KnetMiner knowledge graphs and keyword searches

Zymoseptoria KnetMiner (https://knetminer.com/Zymoseptoria_tritici/) can generate knowledge graphs using Z. tritici JGI genome identifiers (e.g. Mycgr3G67344). These graphs identify related proteins, genes, domains, associated phenotypic information and more from databases and broader literature (Hassani-Pak et al., 2021). A prototype Zymoseptoria KnetMiner currently draws on data and literature from a few fungi, including Saccharomyces yeast, Fusarium graminearum, Neurospora crassa and Aspergillus nidulans.

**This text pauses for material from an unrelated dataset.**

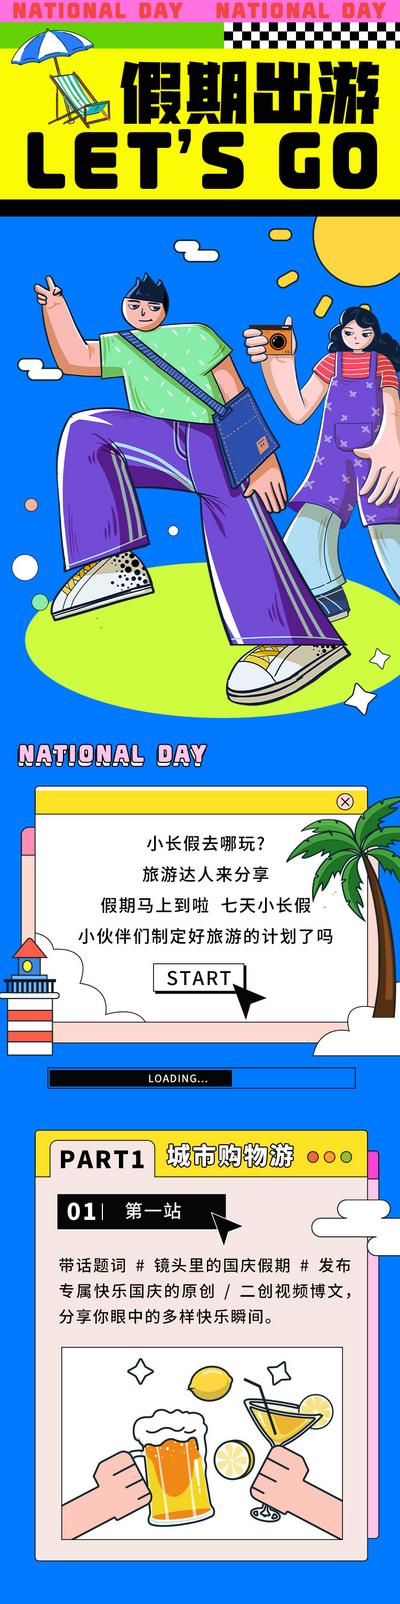 南门网 广告 海报 旅游 假期 推文 长图 卡通 攻略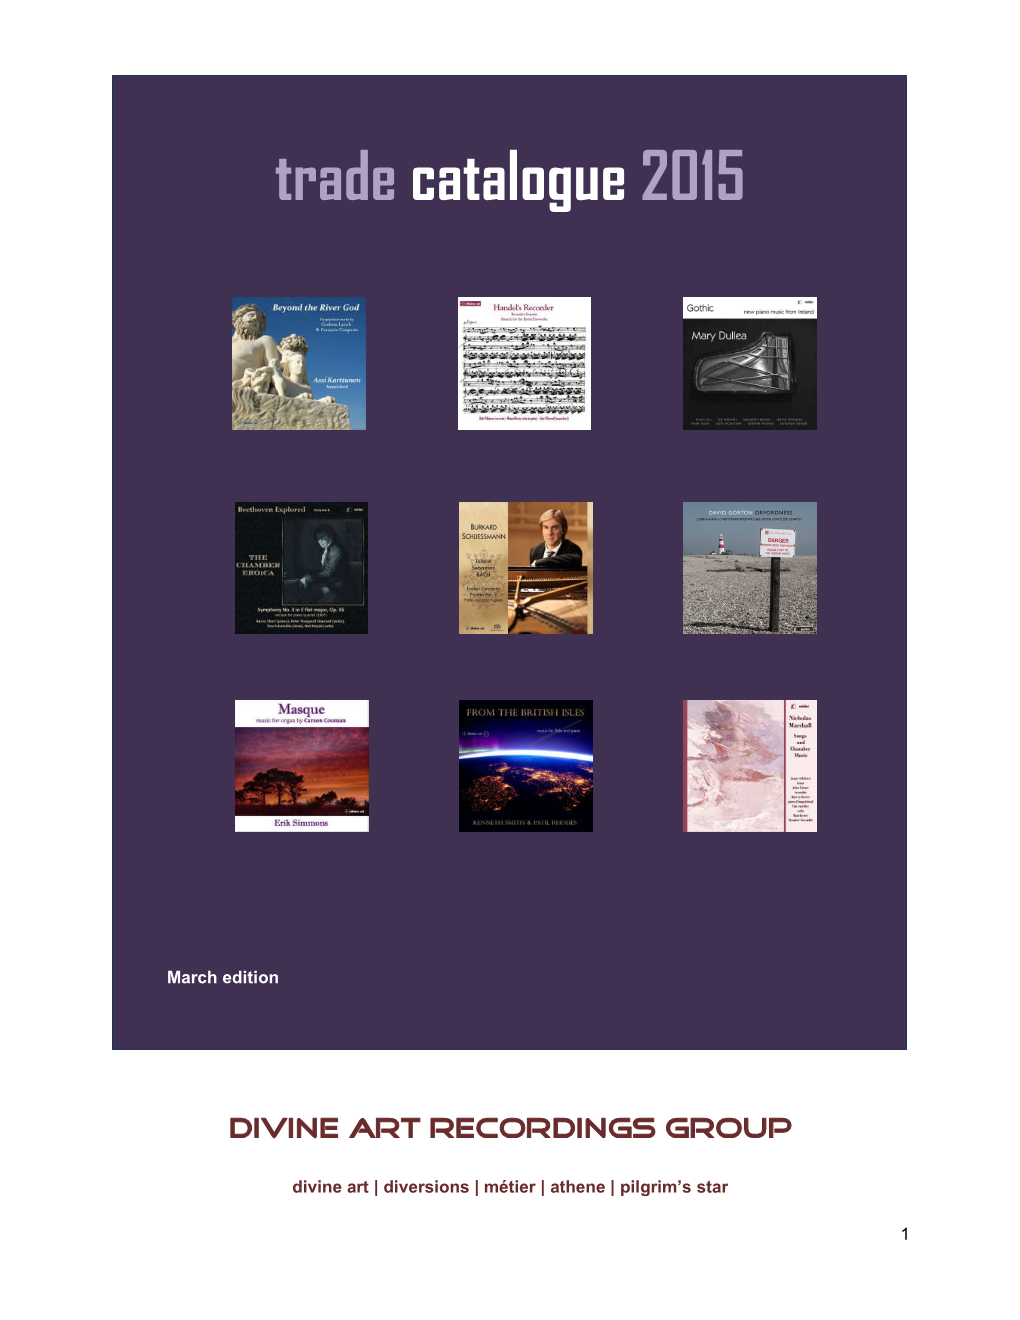 Divine Art Recordings Group Reviews Portfolio

The KnetMiner keyword search function was used to identify a list of candidate genes associated in the literature with “HOG1”, “oxidative stress”, “osmotic stress”, “cell wall integrity”, “hyphal growth”, “filamentous growth”, and “dimorphism” from data from select model fungi and the yeast S. cerevisiae. These keyword searches generated a list of 1964 genes “linked” to those search terms, with duplicate entries removed. We compared this to our list of differentially expressed genes from our in planta RNA sequencing experiment.

Results

In planta characterisation of Agrobacterium tumefaciens mediated (ATMT) Z. tritici transformants

We had previously carried an initial high throughput virulence screen on the library of 631 random ATMT mutants of Z. tritici IPO323 as the parental strain for reduced in planta infection on the susceptible wheat cv. Riband (Rudd, unpublished). In this initial screen, performed only on single leaves, fourteen transformants were identified as either non-pathogenic or with reduced virulence. The mutants in this library all have Hygromycin B resistance conferred by use of the vector pCHYG for ATMT. Two from this collection had previously been further analysed, describing the impact of mutations detected in the ZtALG2 (previously published as MgAlg2) and ZtGT2 genes on Z. tritici virulence (Motteram et al., 2011; King et al., 2017). From the remaining non-pathogenic or reduced virulence mutants, which had not been further characterised, five isolates are explored herein.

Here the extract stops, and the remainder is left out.